I agree with what Amba said. You can always ask to remain anonymous in either situation. 

Something else I thought of is, if you think it'd do any good, you could write her a letter. That way you will be able to filter what you say more yet get your point across, and you can say what you need to say without her getting the immediate chance to blow up on or interrupt you. 

But if you want to avoid direct confrontation with her, I do think Amba's ideas would be better.


----------



## kevinshorses (Aug 15, 2009)

PM me with her e-mail and I'll write her a letter!! Aside from that what can we do?


----------



## Mickey4793 (Sep 24, 2009)

Send her a link to this page via email, so she can read what you think and you won't have to actually say it.


----------



## CharliGirl (Nov 16, 2009)

I'm in a similar situation. Our neighbors feed their horses (lightly molding hay sometimes), and they crudely trim their own hooves (and let them grow out horribly long so they chip and break). Their horses are skinny, and I'm not sure if they get wormed. I've seen them work with them twice in the 2-3 years that they have had them (maybe I've just never seen it...). They are confined to a dusty (or muddy, depending on the weather) round pen. Occasionally they get turned out into a square pasture that isn't much larger than the round pen. I have never seen them graze--their other livestock get that privilege.

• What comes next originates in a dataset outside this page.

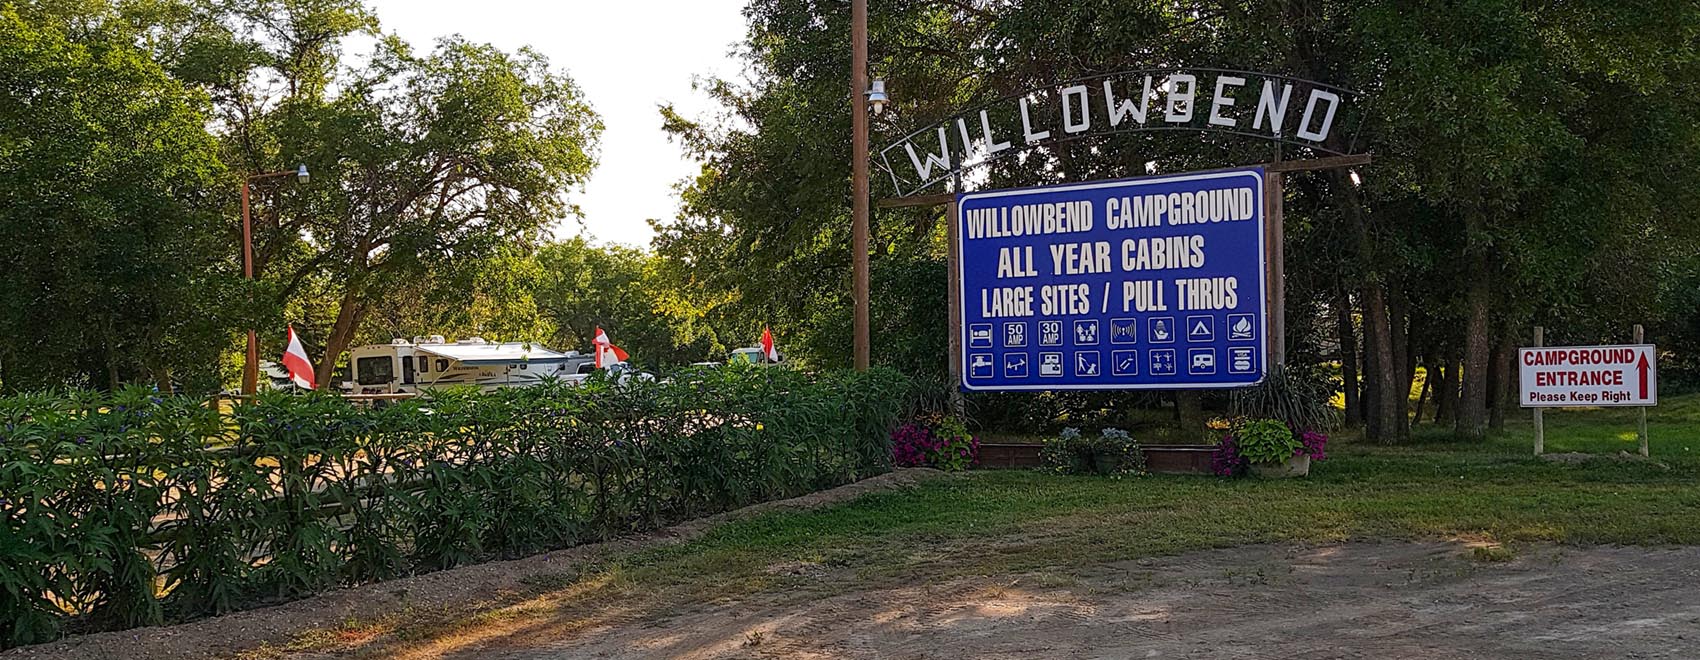 Willowbend Campground and Cabins

I help them out sometimes. They don't know how to adjust bridles or anything...I helped them out quite a bit when they first started out. I'm more than glad to help, but I wish there was more I could do. It's not like I could call animal control or anything...they aren't severely malnourished or anything. Not really anything I can do, except help them when they need it.


----------



## ilovemyPhillip (Apr 4, 2009)

_I think you should send her the link to this page. It may be hard, or even outrageous at this moment in time to do so, but it will in the end help all three horses. I fear for the foal, and mare. There's a stallion turned out with er... What if he becomes aggressive and murders said foal? How awful would that be?_


----------



## SorrelHorse (Apr 9, 2009)

Email her the link to this thread. If that doesn't work, contact an authority figure and ask to remain anonymous. You have to take the initiative before it gets too late and something happens to the horses when you didn't speak up.


----------



## speedy da fish (May 7, 2009)

really sorry about that, you sound like you know what you are talking about and you friend.... really does sound like she should be owning horses. contact a local welfare organisation if you can espically if the ponies are at risk


----------



## themacpack (Jul 16, 2009)

Contact the authorities and they will evaluate the situation. However, be prepared for the end result to be other than what you think it should be. Provided she is meeting the absolute minimum requirements per your local regulations, they will not just swoop in and save the animals - in fact, even if she is NOT meeting some of those minimums, they may still leave the animals and approach it as a "wait and see" situation wherein they will lay out requirements for change to her and a time limit in which to make the changes. The key thing is that you do have to go into it knowing that often our assessment of what is acceptable or not and the legal assessment are going to be two different things. If that turns out to be the case it won't be because the authorities don't care, but that their hands are tied in what they can/can't consider actionable based on the letter of the regulations they are bound to.
Either way, getting them involved now at least puts the situation on their radar.


----------



## Spyder (Jul 27, 2008)

themacpack said:


> Contact the authorities and they will evaluate the situation.



Exactly that is what the ASPCA is for.


----------



## AlmostThere (Oct 31, 2009)

Another thought. If she is 17 that makes her a minor. Wouldn't these be her parents horses? Wouldn't they be the responsible adults? Maybe she is following their poor example. I agree with the suggestion to get a knowledgeable horse person involved, someone the *parents* would respect and listen to.

Also, Lonannuniel, I think tying the concept of pacifist into not hurting peoples' feelings is going to lead to you living a life as a doormat. I thought pacifists were supposed to speak out about the wrongs they see. Pacifists are against violence - if someone feels bad because you point out that they are hurting an animal, you have done *nothing* violent against them. It is their own durn fault for acting so badly in the first place.


----------